Both Havemann and Suzanne van der Merwe, director of tax and legal at Deloitte, pointed out that a VAT increase may not yield as much revenue as the government anticipated, because it will have secondary effects.
VAT increases cause taxpayers to change their behaviour – spending less, for example – making it unlikely that the full R60 billion the increase was expected to provide would in fact be collected, they said.
Van der Merwe said when the government increased VAT from 14 percent to 15 percent in 2018 the South African Revenue Service noted that tax revenue was lower than expected because of higher unemployment, sluggish household and business income growth and high indebtedness.
Havemann said the VAT increase will be inflationary resulting in the South African Reserve Bank keeping interest rates higher for longer.
The tax consultants also debated the efficacy of expanding the list of goods that are zero-rated for VAT as a way to shield low earners from the VAT increase.

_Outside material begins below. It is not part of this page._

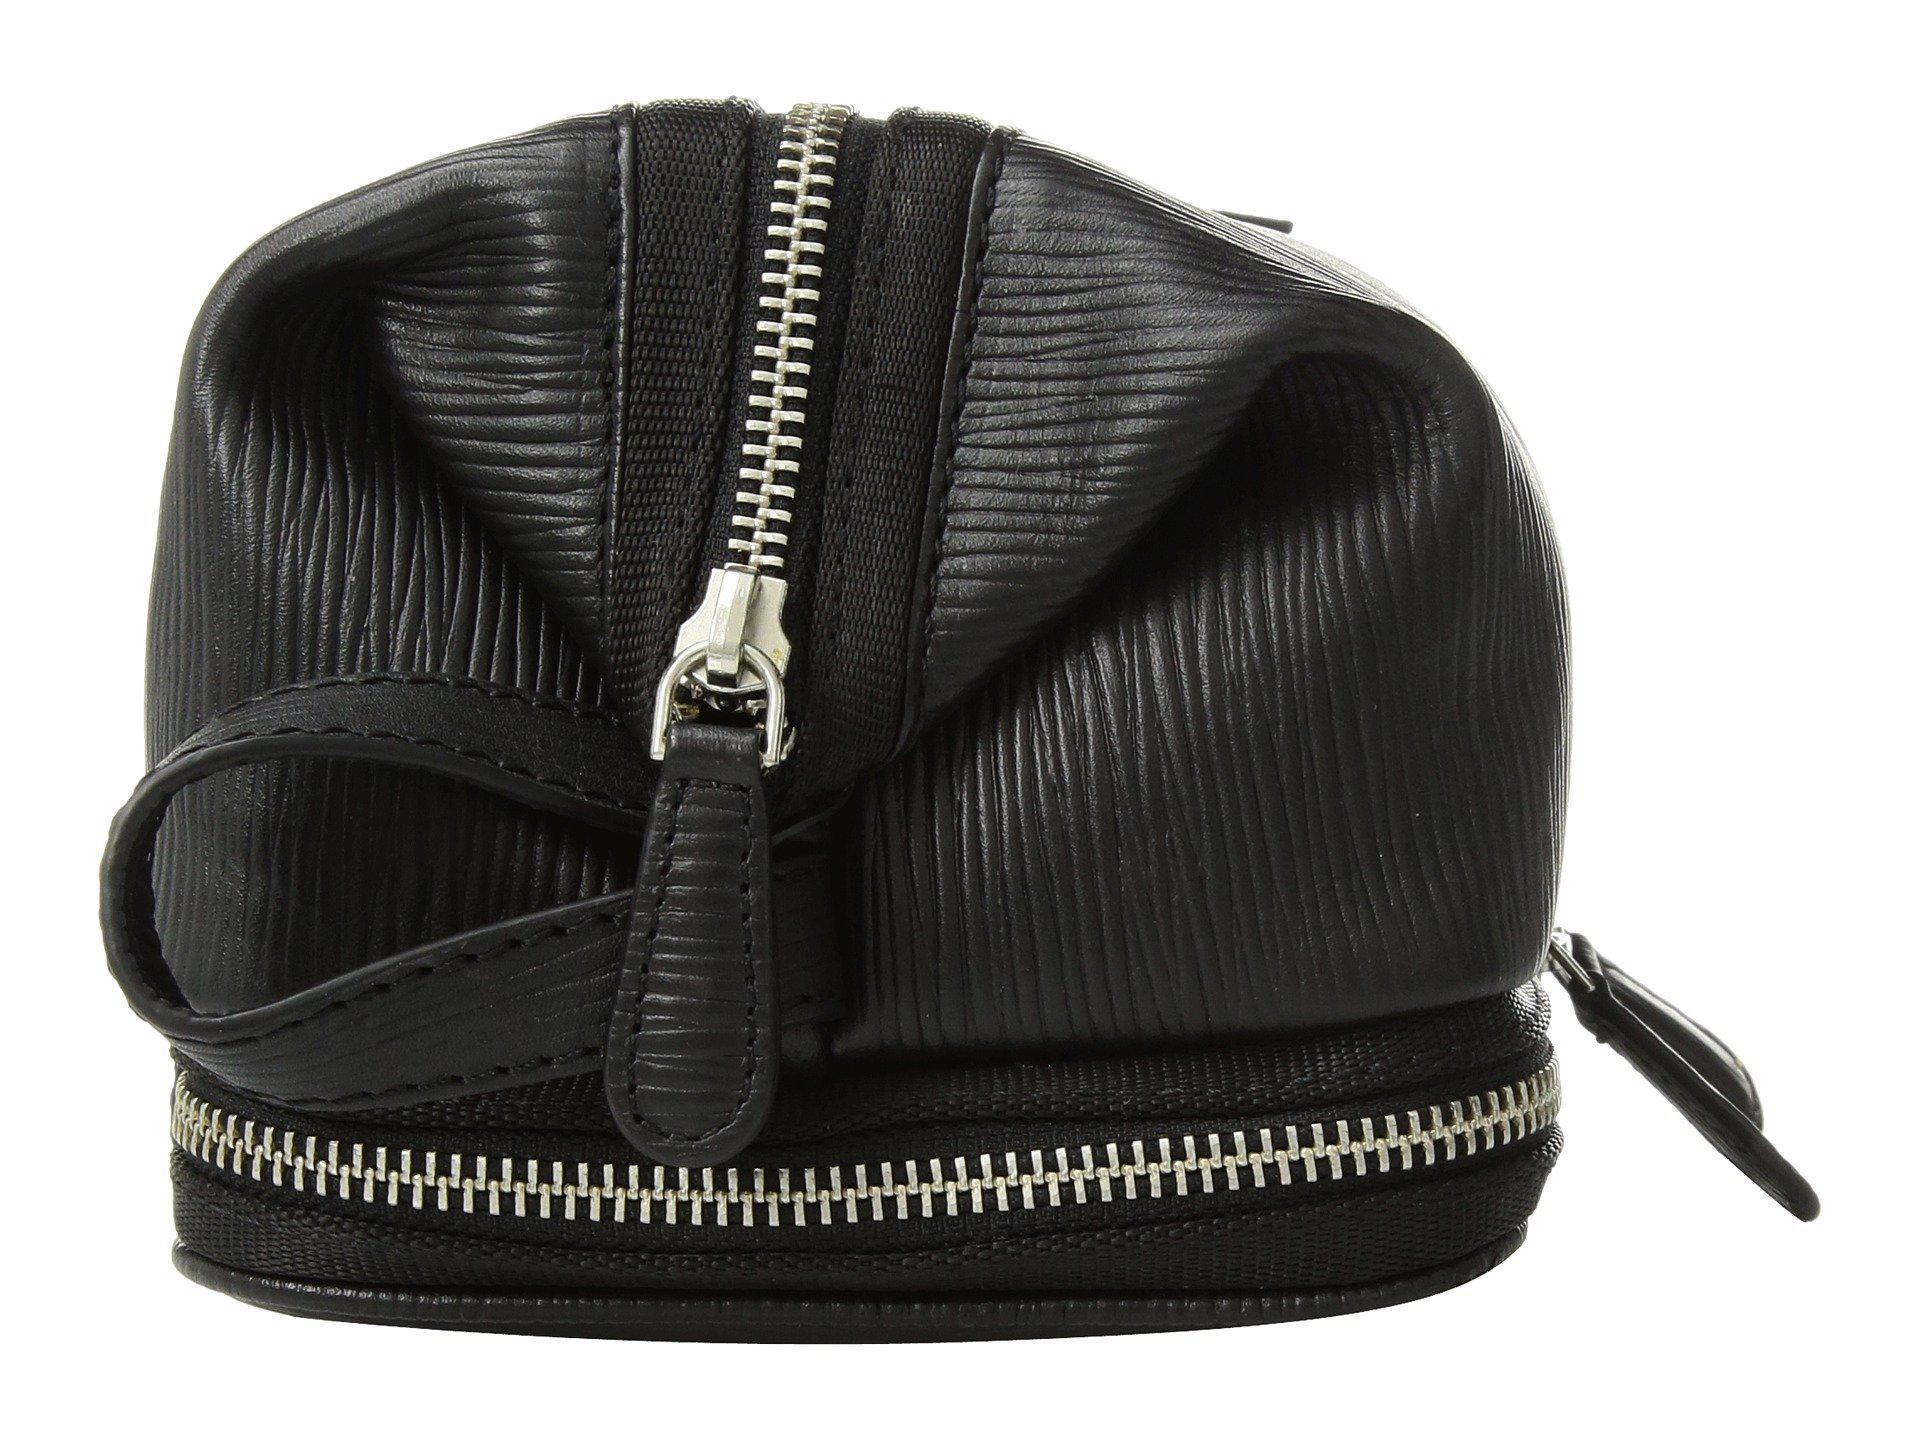 da850900a51b6 Lyst - Ted Baker Kitter (black) Bags in Black

Kruger and Van der Merwe said several tax commissions had suggested it was not a good measure to use and that the poor only benefitted from a small proportion of the tax revenue forfeited on zero-rated goods.
Mthembu also said the impact of zero-rating goods is negated by the profits taken in the supply chain. He found recently that zero-rated brown bread costs R15 at a supermarket in a city, R19 in Soweto and R17 in a spaza shop in a rural area in KwaZulu Natal.
Poor people also do not only spend on zero-rated goods, he said. When they get money, they want to buy things like chicken that is currently not zero-rated, he said.
Mthembu also suggested that the government should consider alternatives to the VAT increase such as cutting wastage and modernising revenue collection.